The last piece of the trilogy is the heart, which holds the core of memories, allowing things to connect to you, whether it’s lovers or friends or foe. It both warms and warns an animal, affecting the behavior.

Yeah, fine… but what does this have to do with art? Art is the ability to make our own personal environment interactive, mutual. It’s our attempt to reach out and connect proactively to the Other. To any Other.

Whether it’s the girl you want to woo, the other band of humans (or Neanderthals or Denivosans or Norwegians), that head of cattle, or that pack of wolves, it’s art that gets you there.
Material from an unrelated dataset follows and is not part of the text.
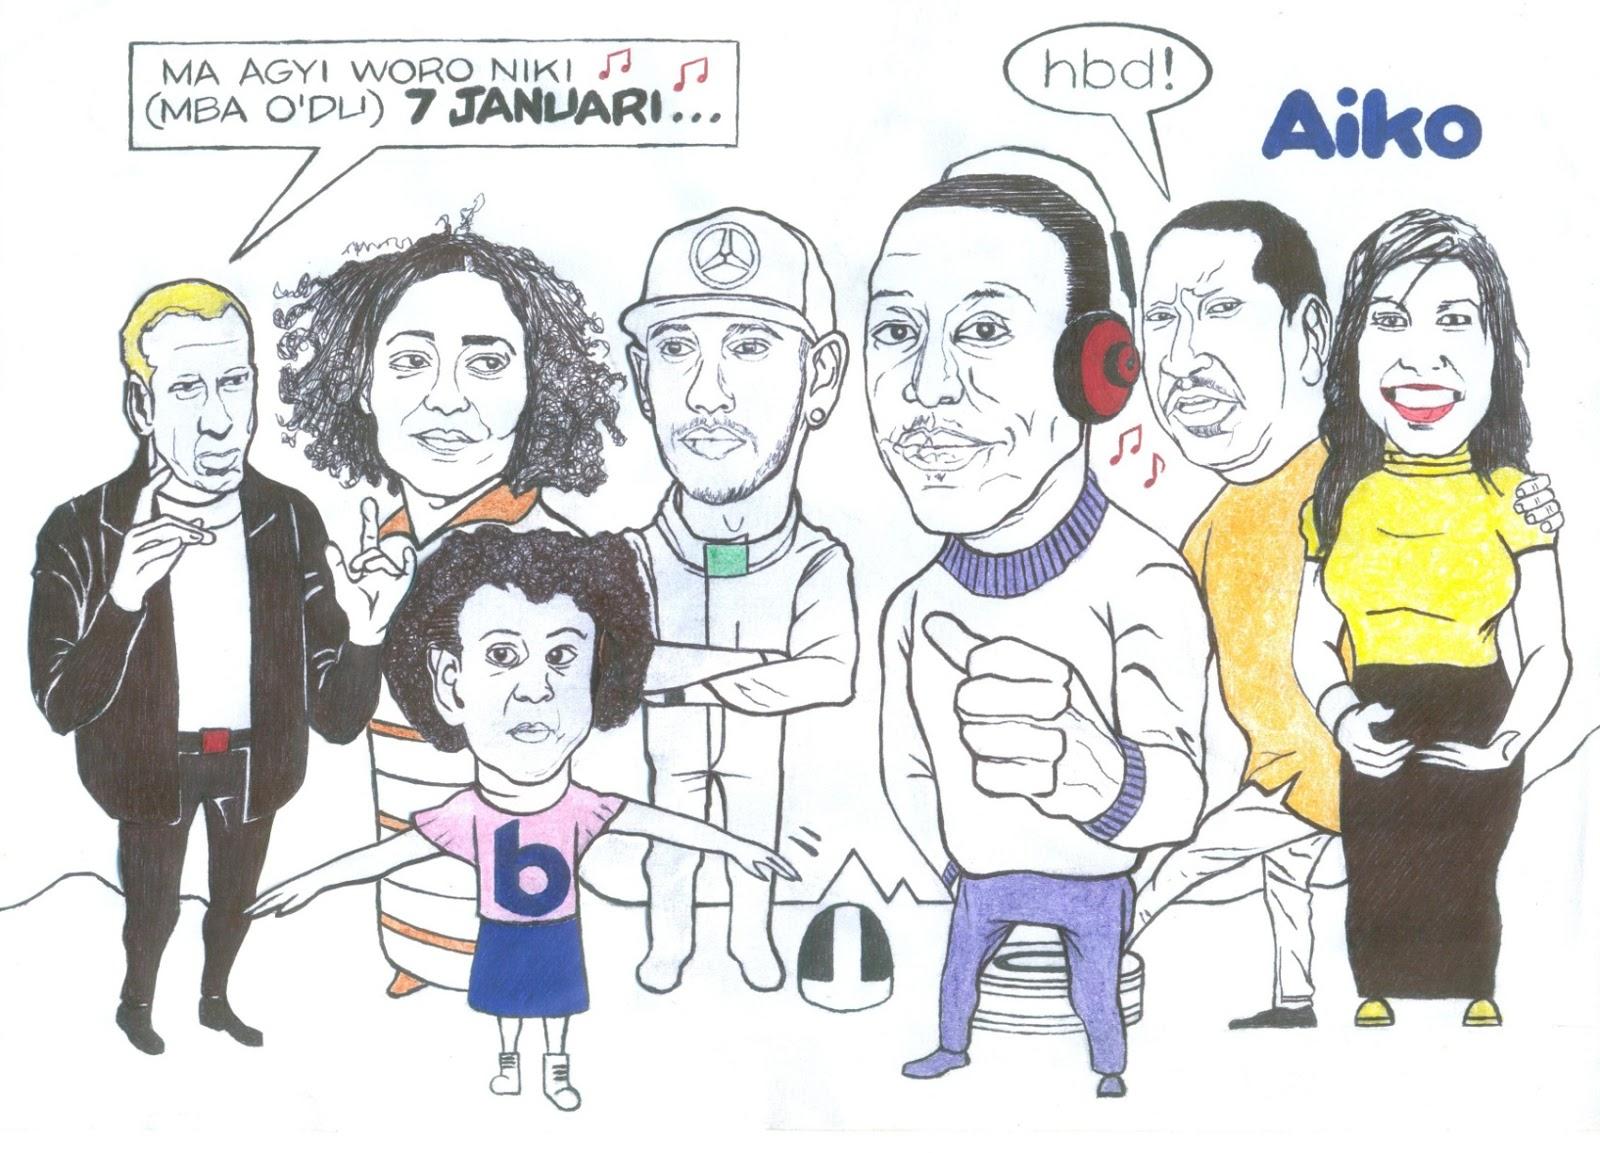 Aruacartoons Cartoongineering Razor Fence Wire And Electric Installation Kampala O Olxco
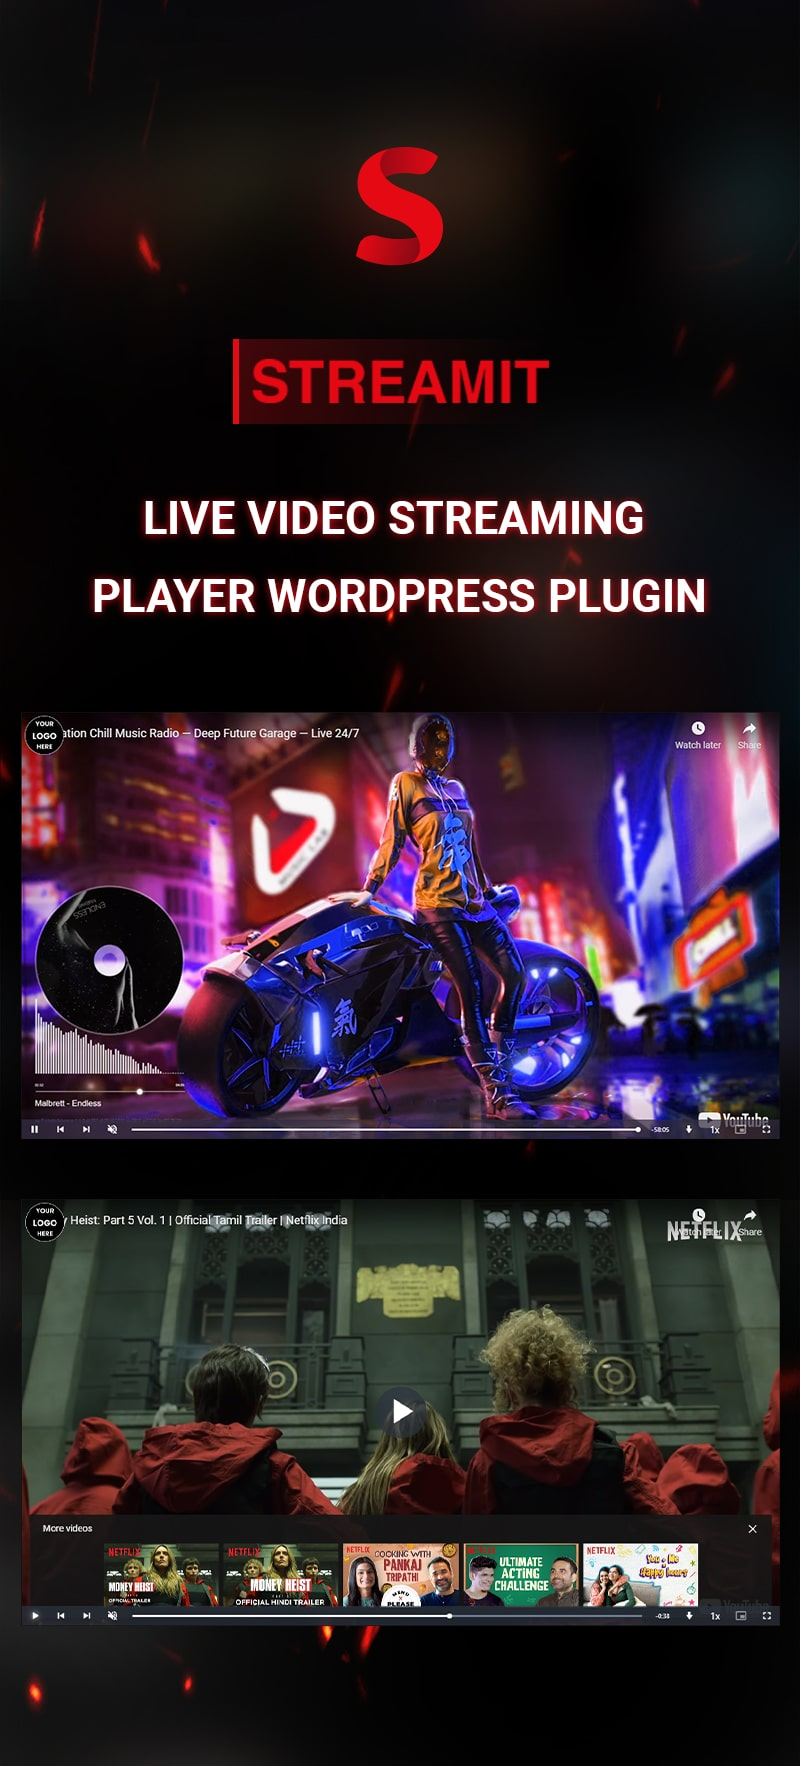 Live Video Streaming Player WordPress Plugin | Streamit | Iqonic Design live video streaming  player wordpress plugin Streamit 01 min

Art is the cauldron within which body, heart and mind cook and combine to produce a healthy human. We produce Art to interact with the world around us and you can look at the world around us to see where our current art is targeted.

Where are all the Artists?

You want to know where all the non-starving artists are? In marketing. Graphic design. In advertising. Legal writing. In tech writing. By convincing you that there is no world out there, save the one we make, in which there are things you can consume, manufacture or trash. The primary art of this culture, and it’s been this way for a long time but not forever, is mirrors and obfuscation.

This places creative art in the service of rebellion. Sometimes it’s productive; sometimes it’s futile. But like all the revolutions, the folks in charge / the folks invested in the system will consider it childish. They will ridicule it, even as they buy little bits and pieces of it to consume. They will let talent starve to prove how ‘unrealistic’ their talent is.

That’s why, at my core, I applaud anyone who takes up the pen or the brush or the camera or the instrument and completes something. Even attempting is worthwhile. It’s been in our blood for so long, it’s ingrained in us and for good reason. And it is the best way to reclaim our selves from a society that threatens to devour us.